The Tempe Center for the Arts, located at 700 W. Rio Salado Parkway, will open its doors on Sunday, Sept. 9, with a Grand Opening Family Day Event from noon to 5 p.m.
The free exhibition will feature performances, excerpts from books and musicals presented by groups such as Childsplay and Tempe Little Theater, as well as poetry readings and percussion music.
Participants will also have a chance to take a tour of the 88,000-square-foot building, which includes a 600-seat theater, a studio gallery that promises to captivate visitors with both two- and three-dimensional artwork and a 17-acre art park with a lakeside amphitheater as well as many other amenities.
Many ASU students and community members are looking forward to the TCA's opening day and plan to take advantage of its proximity to ASU.
"We are a community that recognizes the importance of the amenities," said Tempe City Councilwoman Barb Carter. "We are very much a college town as ASU has such a presence in the community, but the cultural piece was missing for our citizens, and I think that's why people are looking forward to it."
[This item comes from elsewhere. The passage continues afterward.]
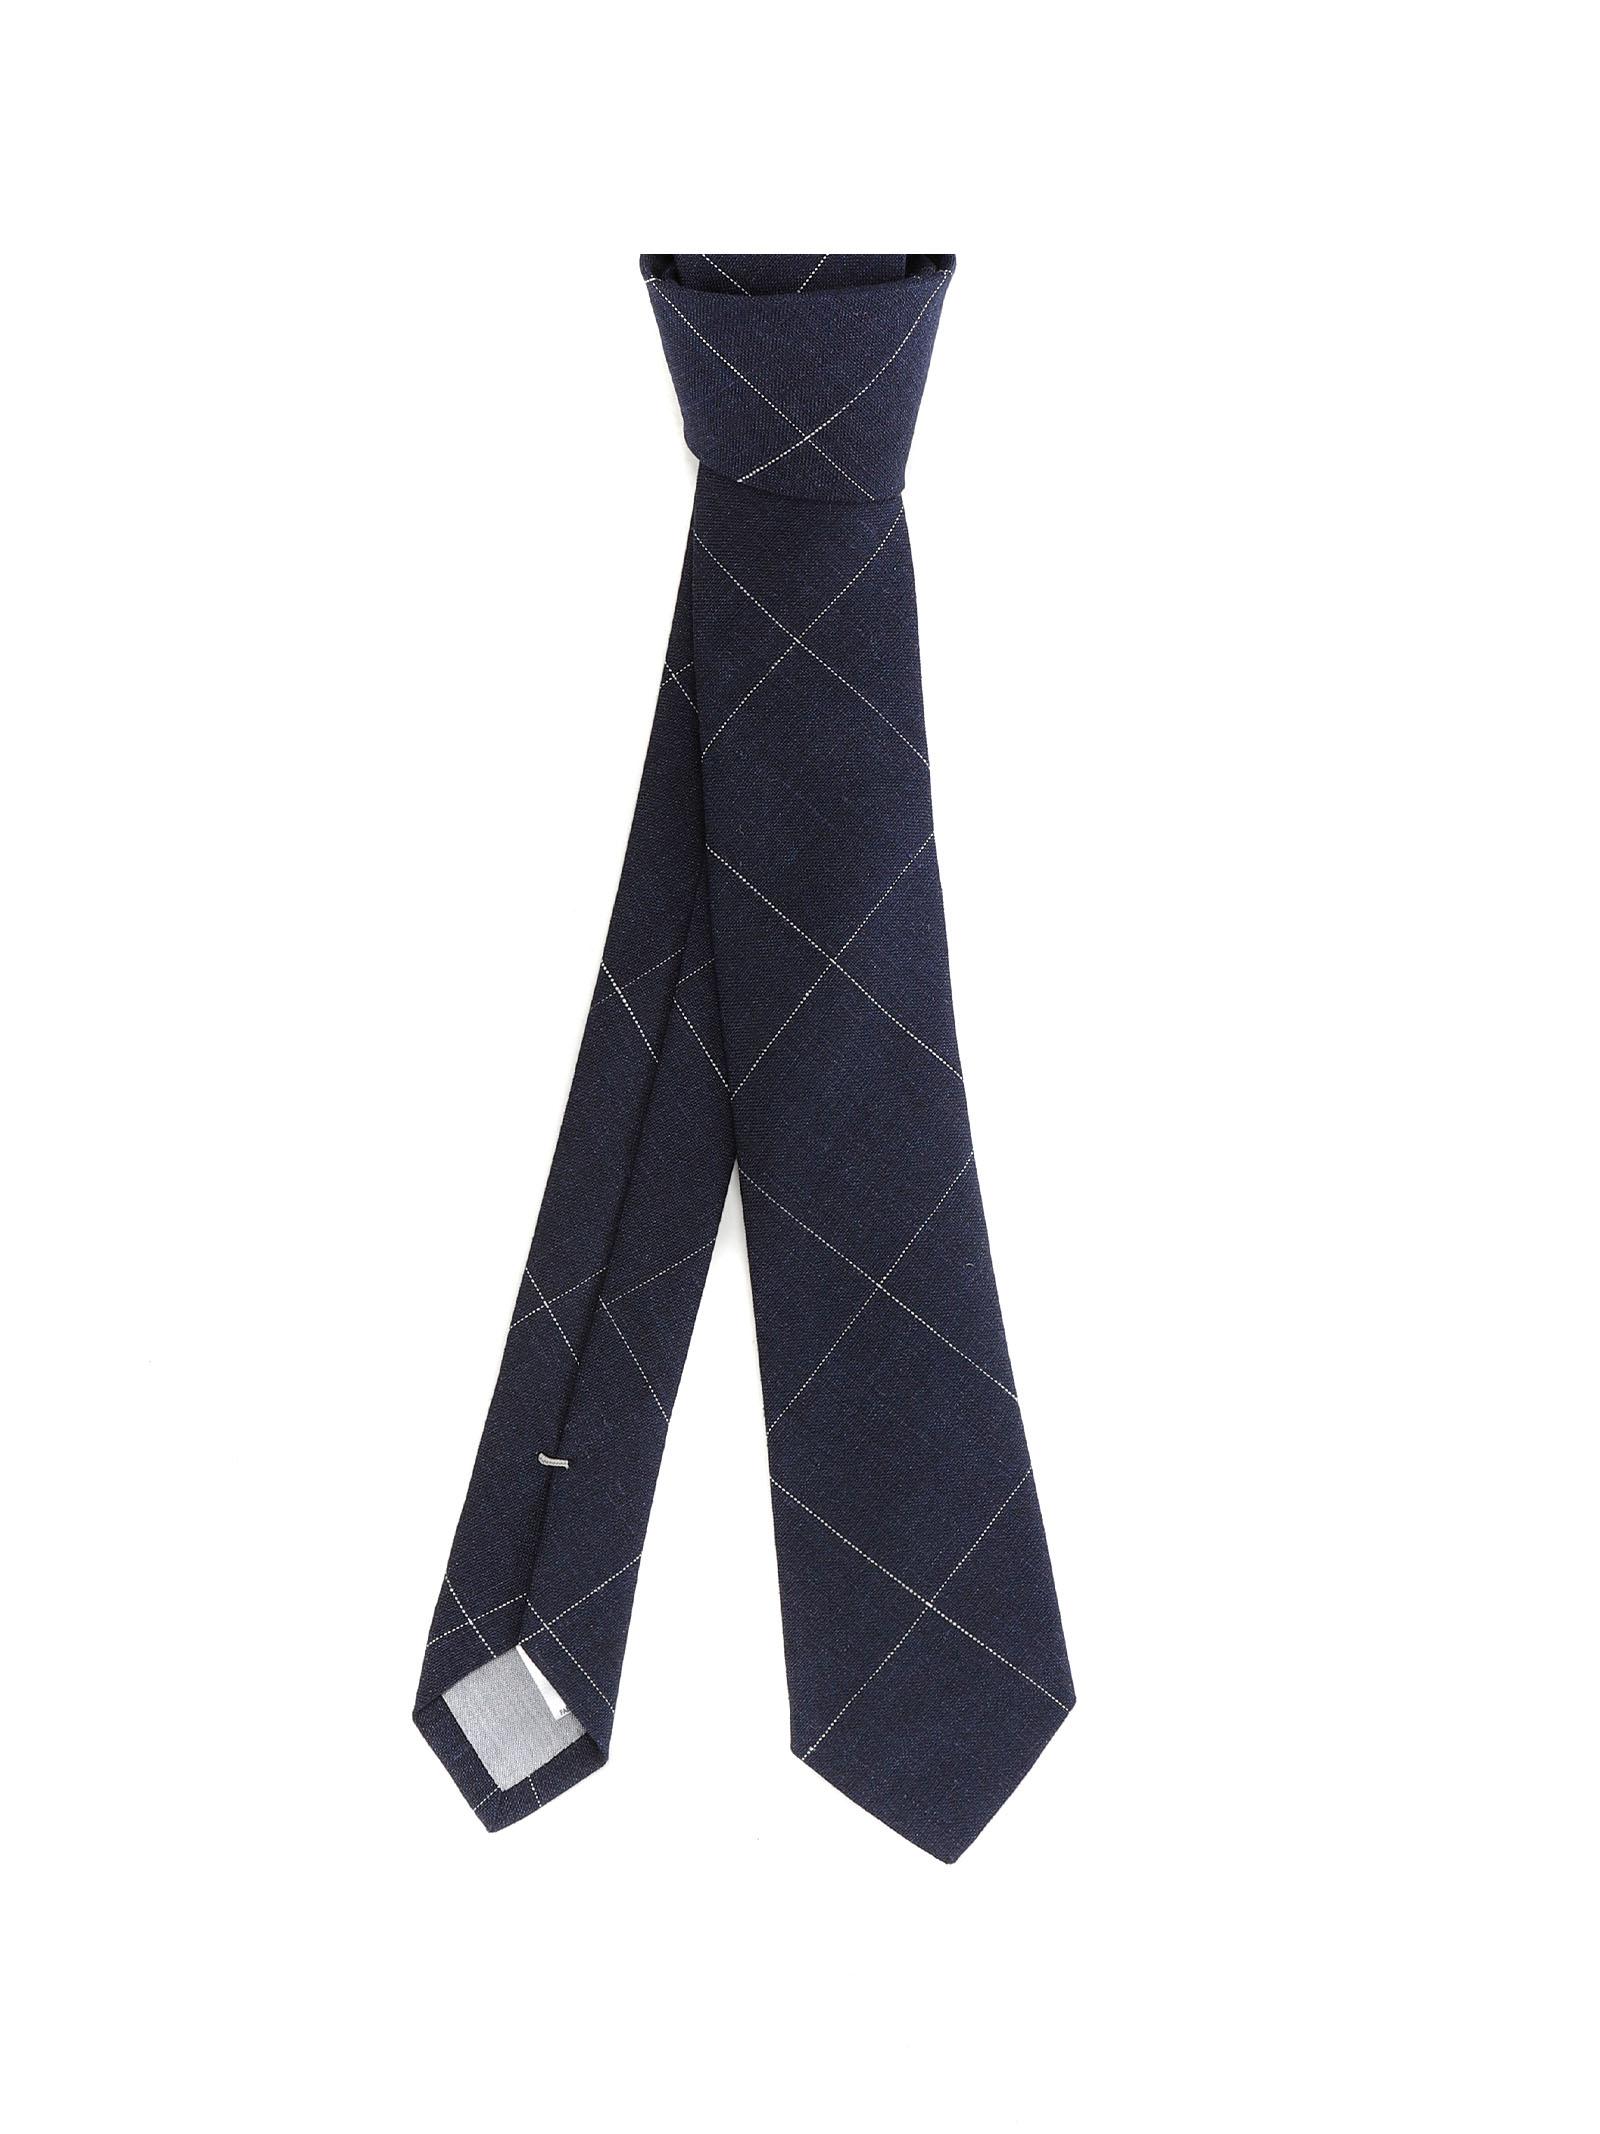 Blue linen check pattern tie  ELEVENTY |  | C77CRAA01-CRA0C03211

But others, like journalism junior Carly Campo, are unsure of whether the art center will have art that is geared toward their interests.
"I think that ASU really differs in its students and that there is a large pool of people, so I'm sure that they will find a niche [of people] that are interested," Campo said.
Regardless of one's taste, the Tempe Arts Center promises to always be full of a variety of art.
The building itself is constructed to look like a piece of art. Students may also be able to expect to see student art featured in the center.
Whatever its use and featured art, the TCA is a long time coming.
In May 2000, Tempe voters passed Proposition 400, which cleared the way for the creation of a new art center in the heart of Tempe.
Proposition 400 allotted a 1/10 percent sales tax that would be used to provide the funding for development, construction and operation of the art center. Of the funds generated by the tax, $63 million was spent on the construction of the building and adjacent park.
Though Proposition 400 led the way to the funding for the actual building, the idea was put onto paper long before by the Tempe Municipal Arts Commission in 1996.
Inspired by several surveys that showed that the citizens of Tempe wished for their own art center, Carter put the idea before the council.
Then came the construction.
"We chose to build next to the lake, because the art center wouldn't have really fit anywhere else," Carter said. "The lake kind of spoke for it, and it spoke for the lake."
A work eight and a half years in the making, the entire operation consisted of five years of planning, one year to clear out the landfill near Tempe Town Lake onto which the art center was to built and two and a half years of actual construction.